Q What do street-sweeping machines really accomplish? Do they remove dirt or only move it around? - R.A., Needham, Mass.
A Sweeping machines kick up clouds of dust, but they also have a sophisticated way of cleaning our streets. Ralph Riley, assistant superintendent of public works in Boston, explains: First, there are two brooms in front that sweep dirt and trash from street gutters to the middle of the machine. Once this gunk is under the machine, a sprinkler wets the dirt to keep down dust and to extinguish any lighted cigarettes that could set the unit on fire. Then a broom under the machine sweeps the dirt onto a conveyor belt that takes it into a storage area. Most machines hold about 4 cubic yards of trash. On a really dirty street, a machine can fill up in just 20 minutes.

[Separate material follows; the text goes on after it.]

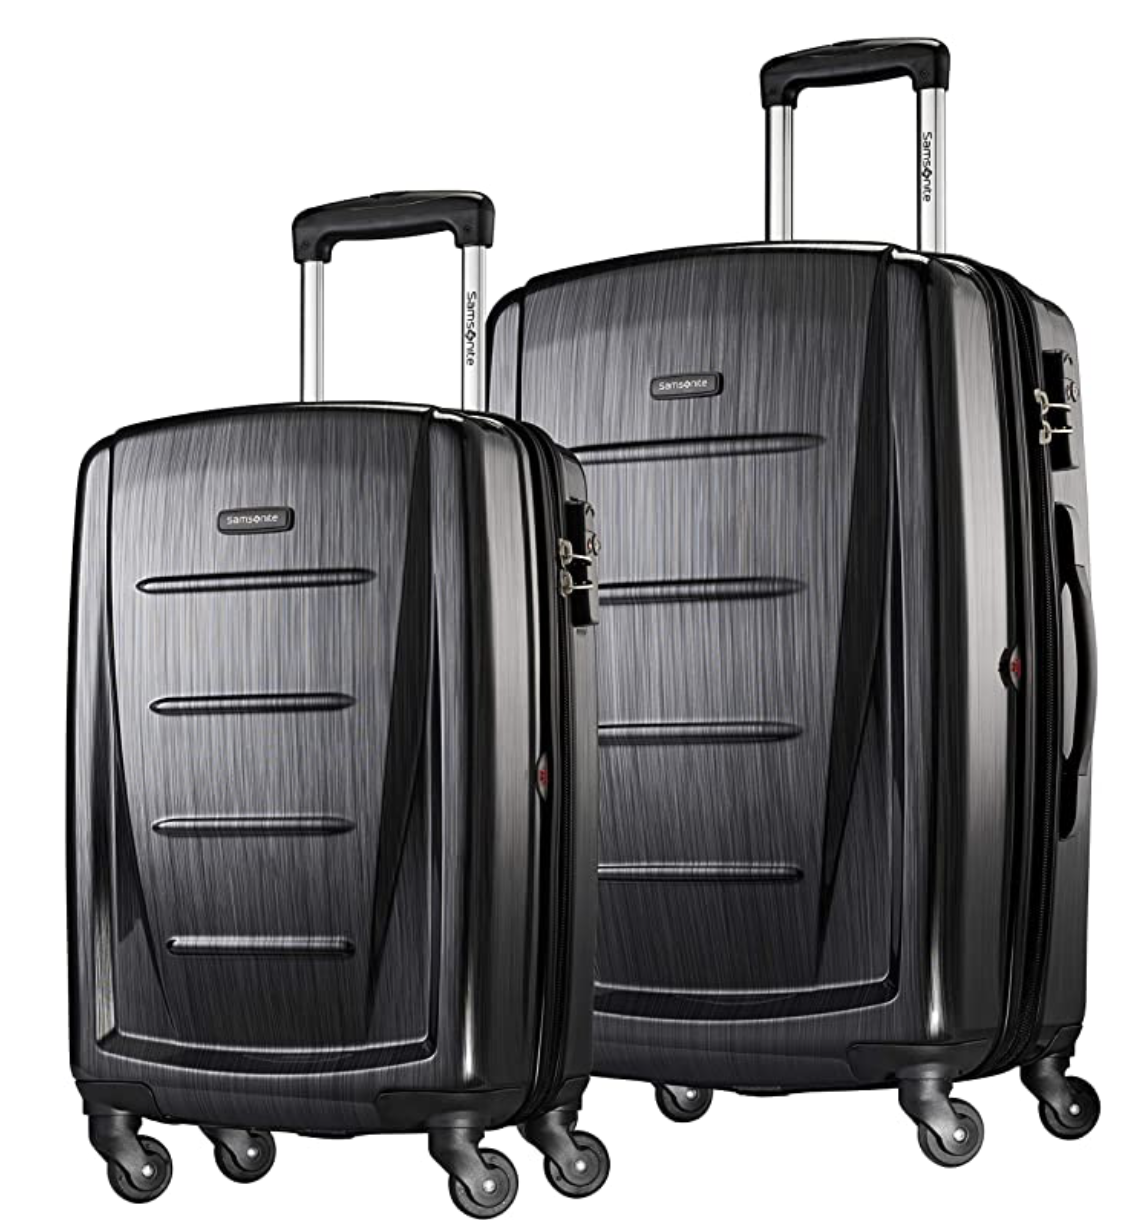 belediging Horizontaal bijnaam Amazon Sale: Up to 50% off Luggage from Samsonite and American Tourister -  Running with Miles

Q Who is, or was, Alfred P. Murrah for whom the Oklahoma City federal building was named? - Ruth Perot, Fairhope, Ala.
A Alfred Paul Murrah was appointed a federal district judge in Oklahoma by President Franklin D. Roosevelt in 1937. In 1940, he was selected by Roosevelt to serve as a judge on the 10th Circuit, where he became chief judge in 1959. He died in 1975. According to "The Federal Courts of the Tenth Circuit: A History - The Judges of the Court of Appeals," Murrah was Roosevelt's "youngest choice to serve on the Tenth Circuit. The President often chose younger judges so that they would defend the principles of the New Deal for a long time, and Alfred Paul Murrah of Oklahoma fulfilled the president's hopes by serving over 30 years." The Murrah building was destroyed by a truck bomb in April 1995.

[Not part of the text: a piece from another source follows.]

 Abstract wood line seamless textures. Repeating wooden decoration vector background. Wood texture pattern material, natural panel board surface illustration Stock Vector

Q Is it true that all flowers display two of the three primary colors, but not all three? - Ed Cook
A We're raising the white flag on this one. We talked to botanists at Harvard University, Boston University, Boston College, and even tracked down a specialist in India, but no one could help. If you know the answer, please let us in on it.

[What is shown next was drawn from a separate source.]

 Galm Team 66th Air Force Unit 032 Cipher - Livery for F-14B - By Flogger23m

Q What's the world's largest statue? Josh Caldwell, Dolores, Colo.
A A 394-foot bronze Buddha in Tokyo is the world's largest statue. The massive structure, built in 1993, weighs 1,100 tons and is 115 feet across, according to the Guinness Book of World Records. The giant Buddha will not be the largest statue forever, though. When completed, the Crazy Horse Monument in South Dakota will stand 563 feet tall, surpassing the bronze Buddha by 169 feet. The Crazy Horse project was begun more than 50 years ago. So far, only the face of the Indian chief has been sculpted. It could be 2050 before it is completed.
Q Why is Greenland an island and Australia a continent?
A We asked a number of earth scientists this question and got several answers. There seem to be both historical and geographical explanations. Most maps distort the size of Greenland when the contours of the globe are displayed on a flat surface, and that makes Greenland look larger than Australia. At 839,800 square miles, Greenland is the largest island in the world. But it is just 28 percent the size of Australia's 2,948,366 square miles. Yet size apparently isn't the key. Continents are determined by both plate tectonics and history. Greenland is part of the North American plate, placing it with that continent. Even that isn't the only explanation, for Europe and Asia are both part of one plate. Perhaps then continents are more historical, a designation made by different peoples at different times in history.
Q Why and how do fireflies glow? - Josh Caldwell, Dolores, Colo.
A Fireflies glow to find a mate, says Eric Widmaier, a Boston University biology professor. During flight, the male firefly flashes his "lantern" to attract a female. The female waits on the ground and signals to the male by flashing back in a unique rhythm. The male recognizes the signal and descends to meet his new mate. Firefly lanterns contain oxygen and a substance called luciferin. The chemical reaction between the two produces light.